Always use the as attribute for preloads. This helps the browser prioritize the request correctly and sends appropriate Accept headers. If the as value does not match the actual resource type, the browser will likely download the file twice.

Manage CORS correctly. For resources that use Cross-Origin Resource Sharing (CORS)—most notably web fonts—you must include the crossorigin attribute in your hint. Failing to do so for fonts will cause a double download.

Common mistakes

Mistake: Preloading everything. Fix: Only use preload for late-discovered resources that appear above the fold. Downloading every asset early starvates the main thread and stalls rendering.

Mistake: Using preload for resources needed later. Fix: If you preload a file that isn't used within a few seconds, [Chrome issues a warning] (DebugBear) in the console that the resource was preloaded but not used. Use prefetch for these cases instead.

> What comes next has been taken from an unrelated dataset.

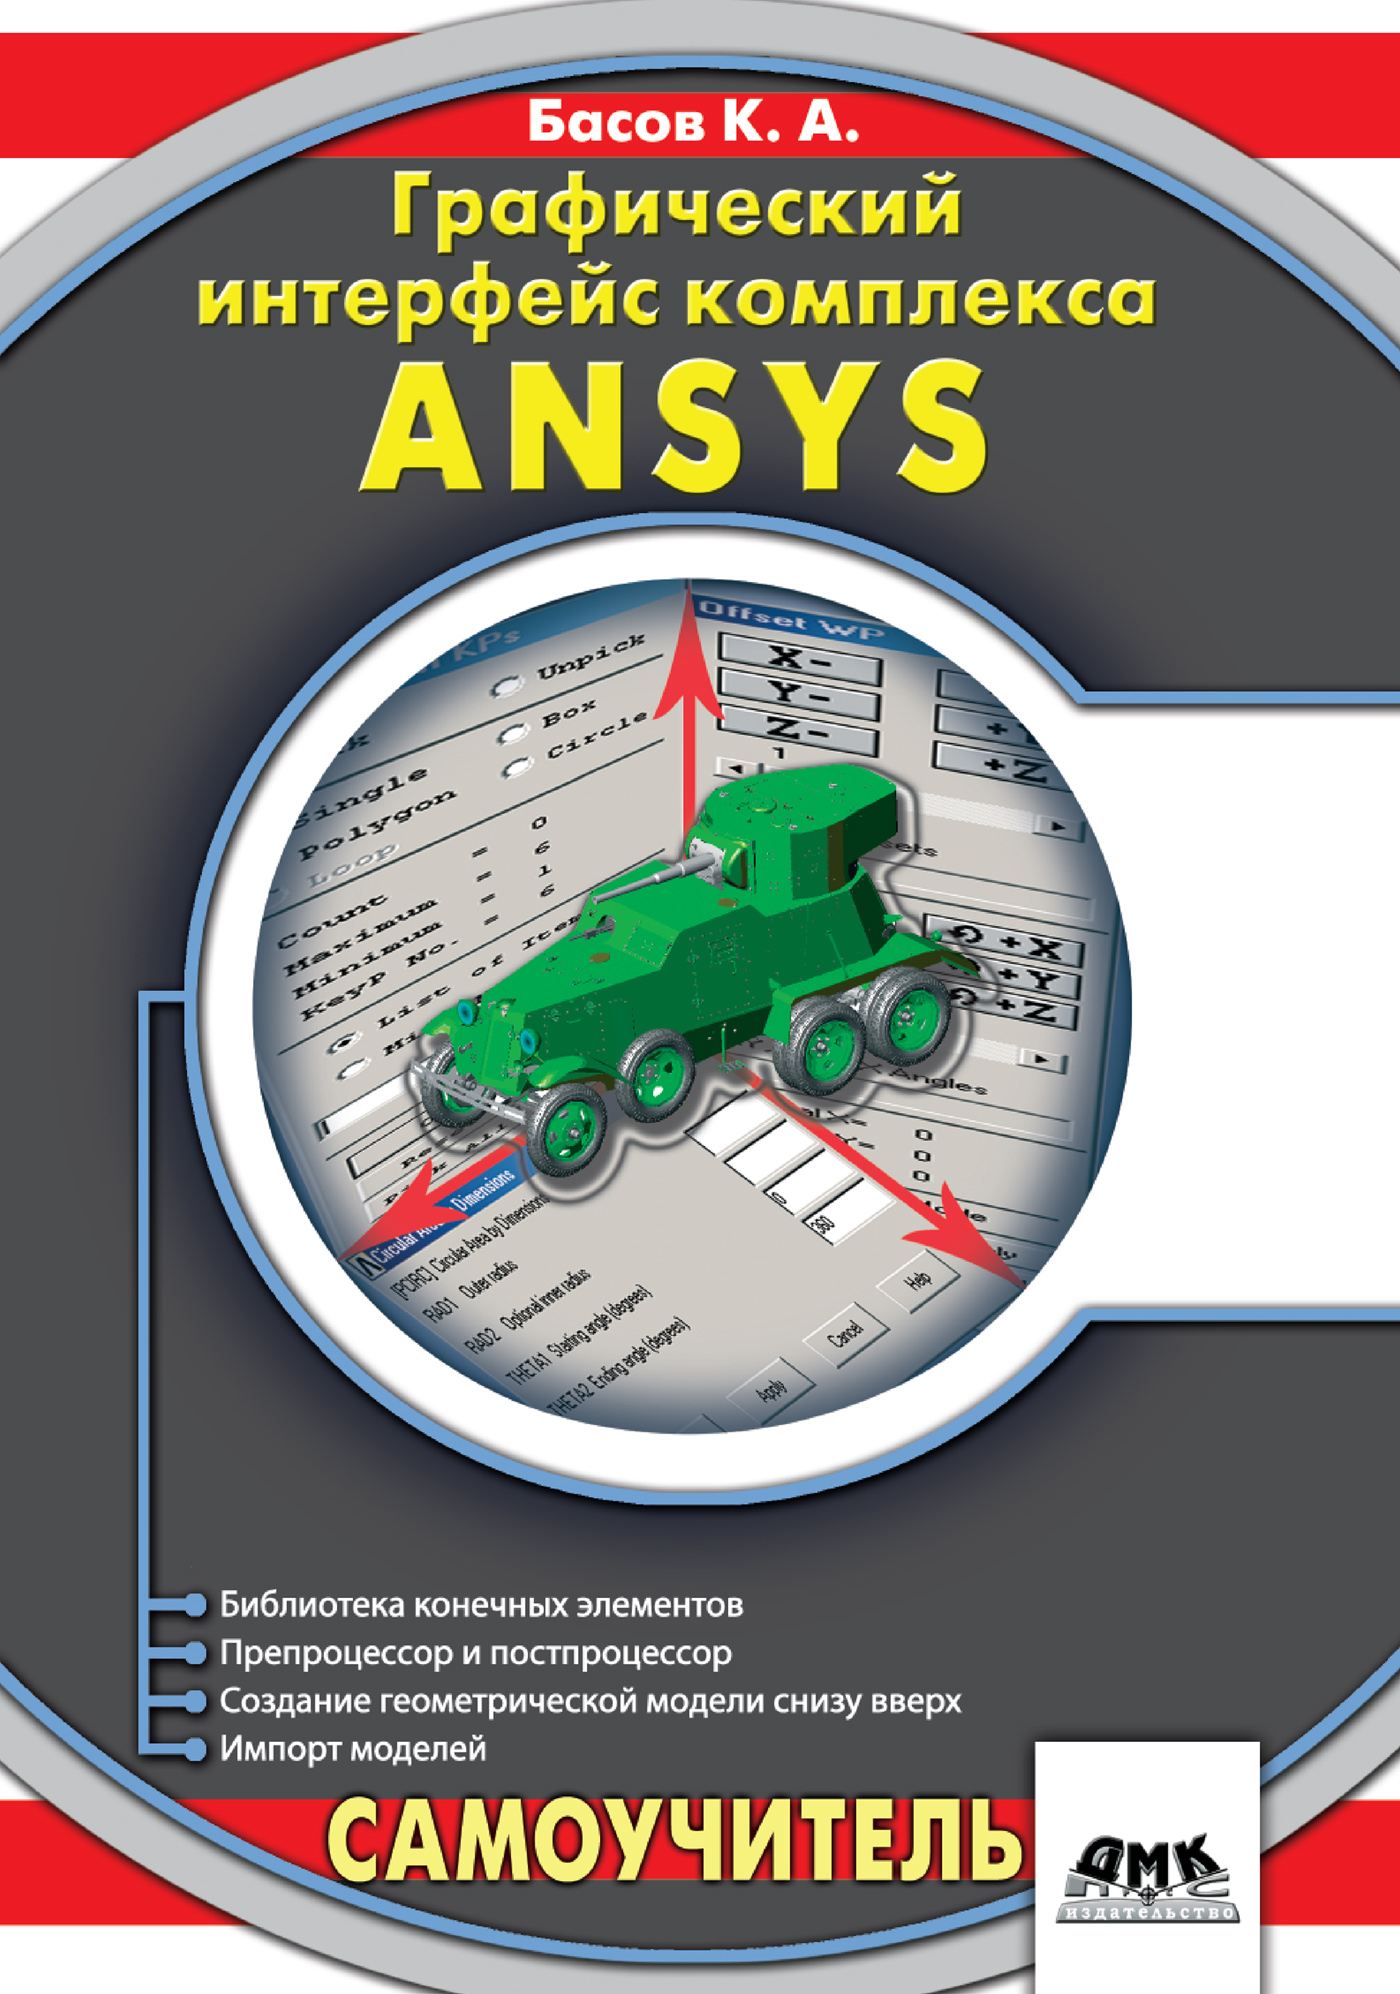 Книга  Графический интерфейс комплекса ANSYS созданная К. А. Басов может относится к жанру программы. Стоимость электронной книги Графический интерфейс комплекса ANSYS с идентификатором 429992 составляет 199.00 руб.

Mistake: Forgetting Safari's limitations. Fix: Note that as of the corpus date, [Safari does not support the prefetch hint] (DebugBear). Ensure your site functions correctly without the hint as a baseline.

Mistake: Preloading resources with sequential @import. Fix: Do not rely on @import within CSS files. Browsers cannot see these imports until the parent CSS is downloaded. Preload these nested CSS files in the HTML to load them in parallel.

Preload vs. Prefetch

Feature Preload Prefetch
Priority High Low (Speculative)
Scope Current Page Future Navigation
Goal Improve FCP/LCP Speed up the next click
Mandatory? Mandatory fetch Optional/Speculative

FAQ

What does the preconnect resource hint do? It opens a connection to a cross-origin server. This includes the DNS lookup, TCP handshake, and TLS negotiation. It allows the browser to perform these steps ahead of time so the connection is already "warm" when the actual resource request is made.

When should you use the prefetch hint? Use it when you have high confidence that a user will need a resource or page in the near future. Examples include the next page in a paginated gallery or the dashboard code for a user on a login page.

What is the pr attribute in resource hints? It stands for hint probability. It allows you to indicate a value between 0.0 and 1.0 representing how likely it is the resource will be needed. Browsers on resource-constrained devices may use this to decide whether or not to execute the hint.

How does prerender differ from prefetch? While prefetch just downloads a resource and stores it in the cache, prerender actually fetches the page and executes its scripts in a hidden background tab. This provides an "instant" experience but uses significantly more CPU and memory.

Can I inject resource hints with JavaScript? Yes. You can create a <link> element via document.createElement, set the rel and href attributes, and append it to the <head>. This is useful for "reactive prefetching," such as prefetching a page when a user hovers over a link.